Thanks Nancy, I do thank you for going into detail there. I'm looking to do o av, or I think it's cosmic pro strips after about 1 - 2 weeks after packages are in ,or swarms caught. Is this a good idea. One or the other, not both. Id like a good start on this or a full program as i progress. Whats the best, and whick qould you do long term in your bee yard? 
Thanks, Richard


----------



## rangerpeterj (Dec 27, 2015)

I allways checked my boards after 48 hrs. This is why I wondered about BeeAurthors calculator?

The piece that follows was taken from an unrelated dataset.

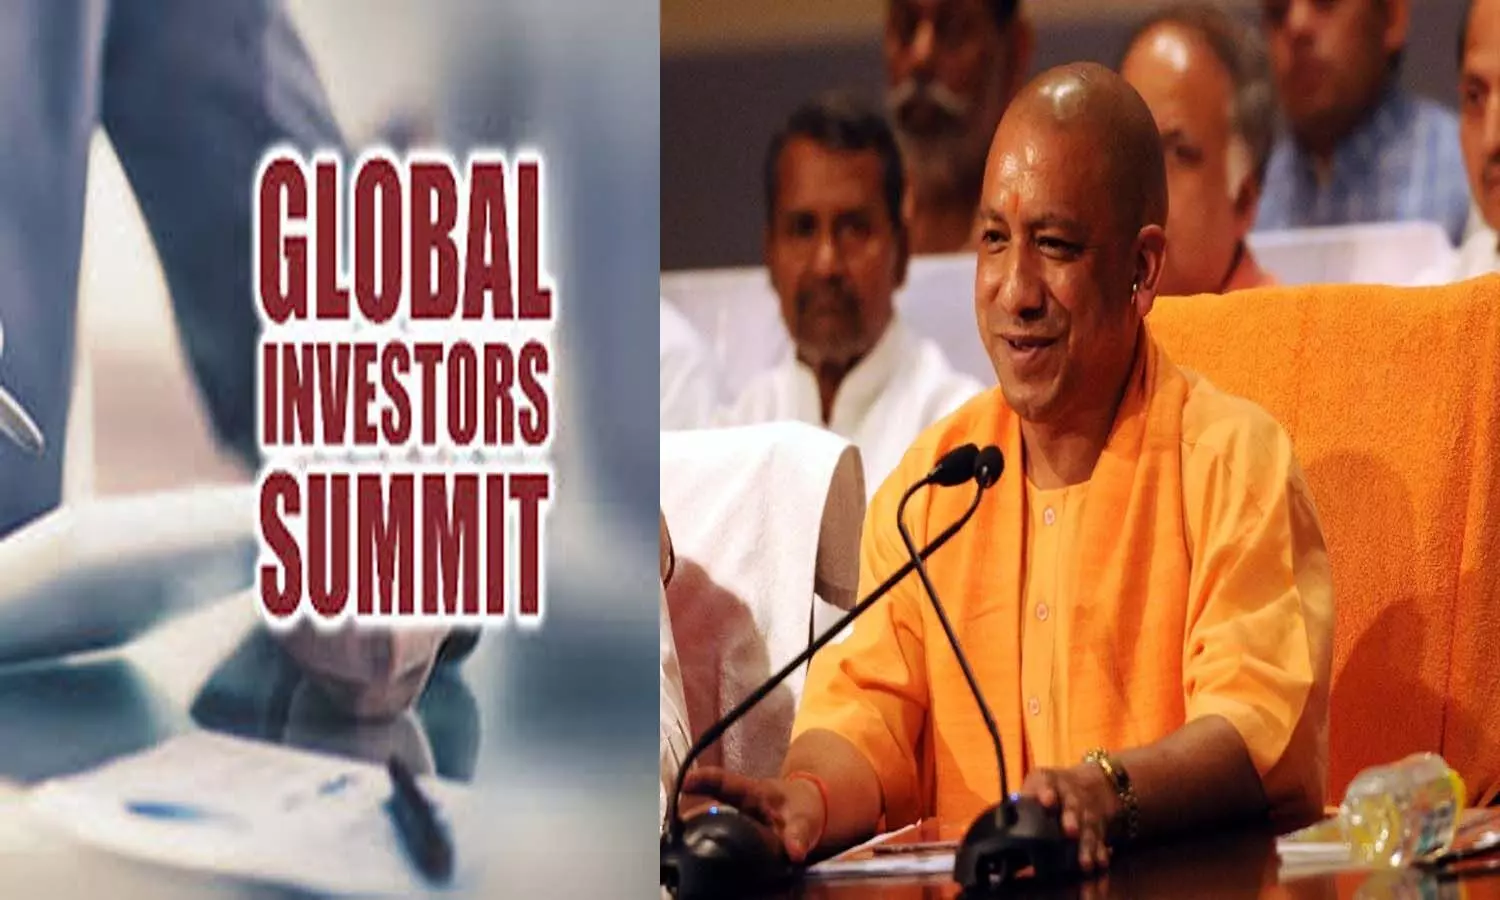 Singapore also ready to be a partner in the Global Investors Summit in Uttar Pradesh

I like the idea but 24 hrs seems short to me.I run 10 frame 2 deeps ,2 grms OA, from the bottom in the morning before bee fly,between Thanksgiving & Christmas,Then a series of 4, 5 days apart in Aug, more if needed.I use a Johno cheapo vac band heater from back of hive ,with bottom slide in on SBB. I do alcohol wash about 3 times a season, more if needed Pete


----------



## Kuro (Jun 18, 2015)

This winter I saw the peaks of mite drop 3 or 4 days after OAV.

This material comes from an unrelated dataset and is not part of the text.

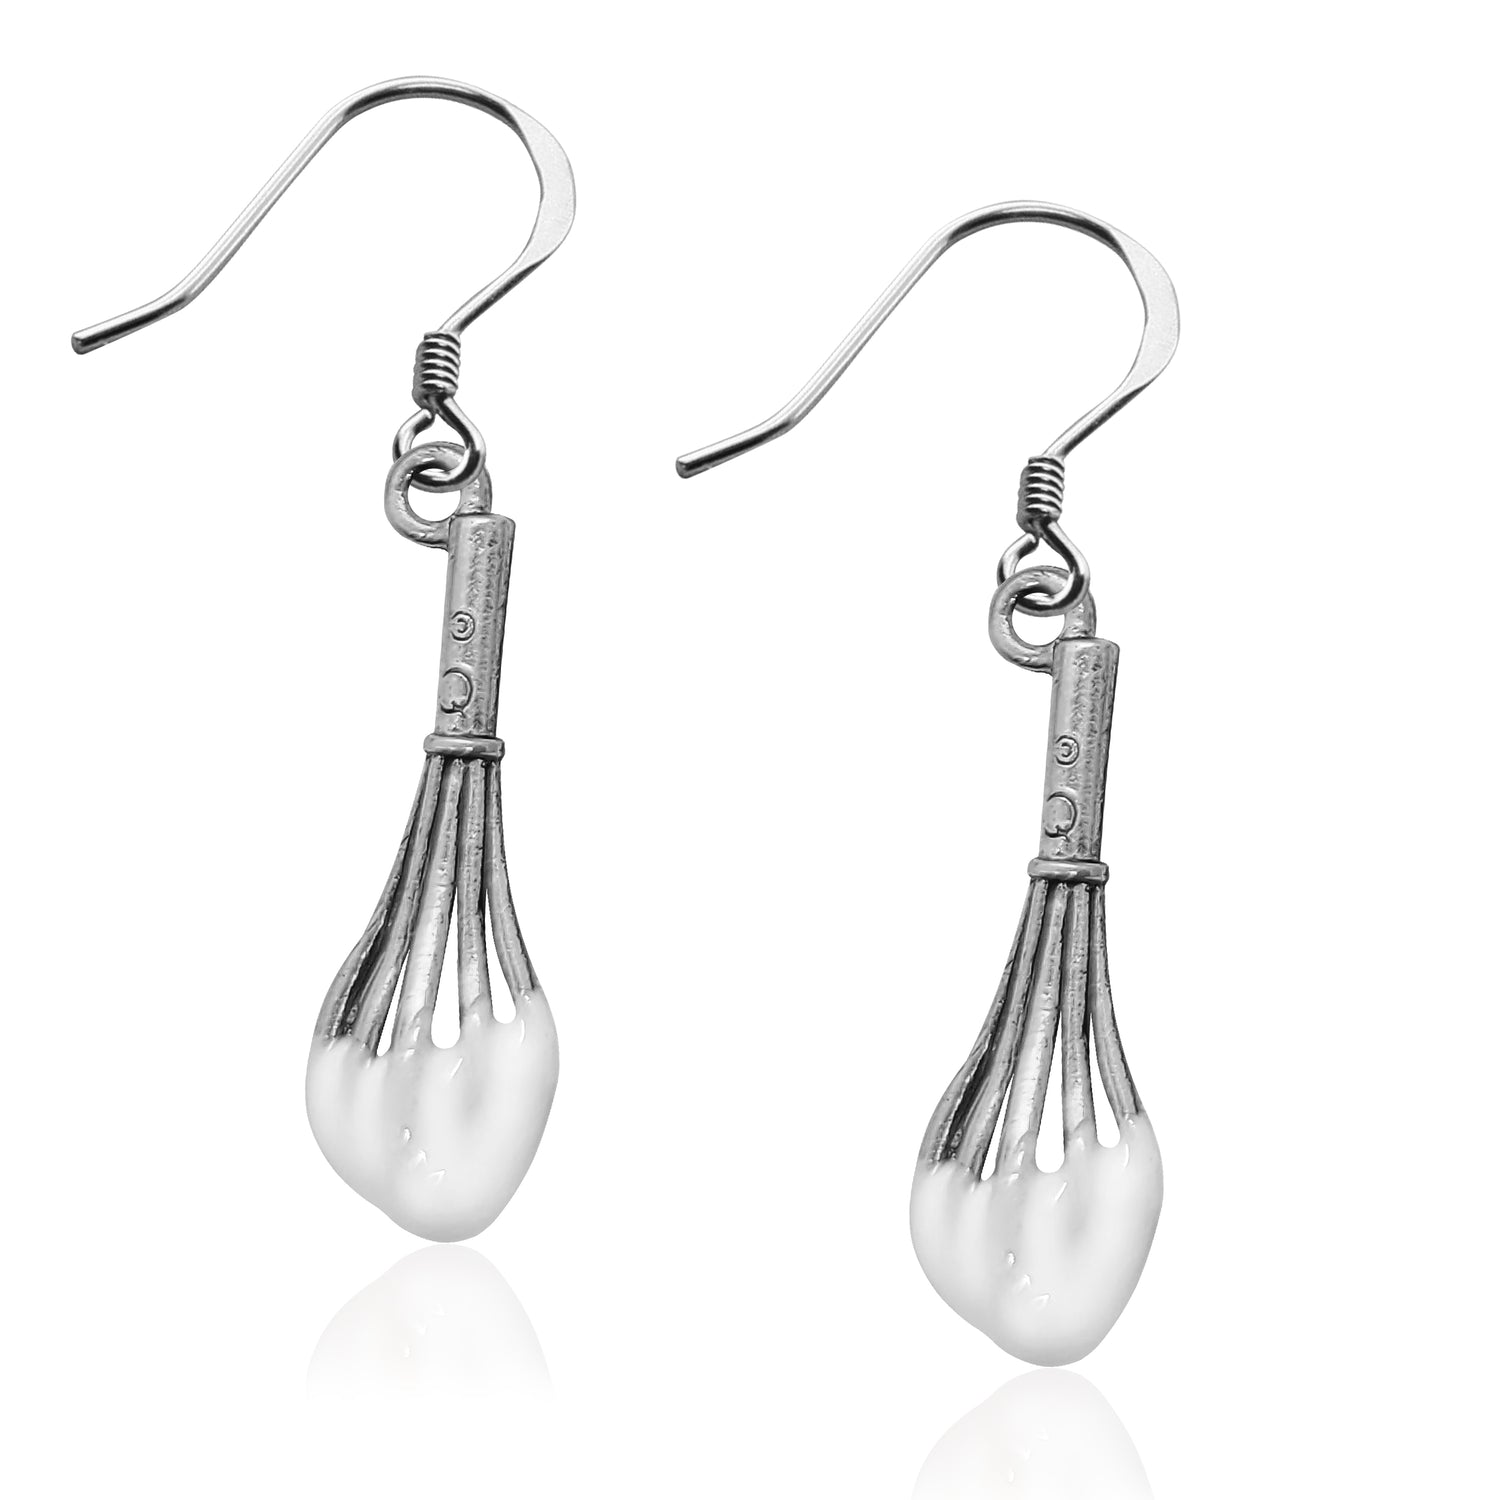 Whimsical Gifts | Whisk with Frosting Charm Earrings in Silver Finish | Hobbies & Special Interests | Chef | Cooking | Baking | Jewelry

a) Corrugated plastic board (not sticky) inserted from the bottom entrance, not through a screen.
b) Mannlake DC-908
c) 2g
d) Savogran Wood Bleach
d) Double 8-frame deeps
e) In the top deep and in the feeding shim above the top deep.
f) From the bottom entrance.
g) Very little brood but I do not think they were completely broodless.
h) Almost all bees were inside due to cold temp.
i) Outside air temps (see below)
j) what is the pattern that you observe in mite-drops after treatment: at 12/24/36/ or more hours?*(see below)

This past winter I treated my two hives with four weekly OAVs. The first one was probably under-dose, due to the low temperature.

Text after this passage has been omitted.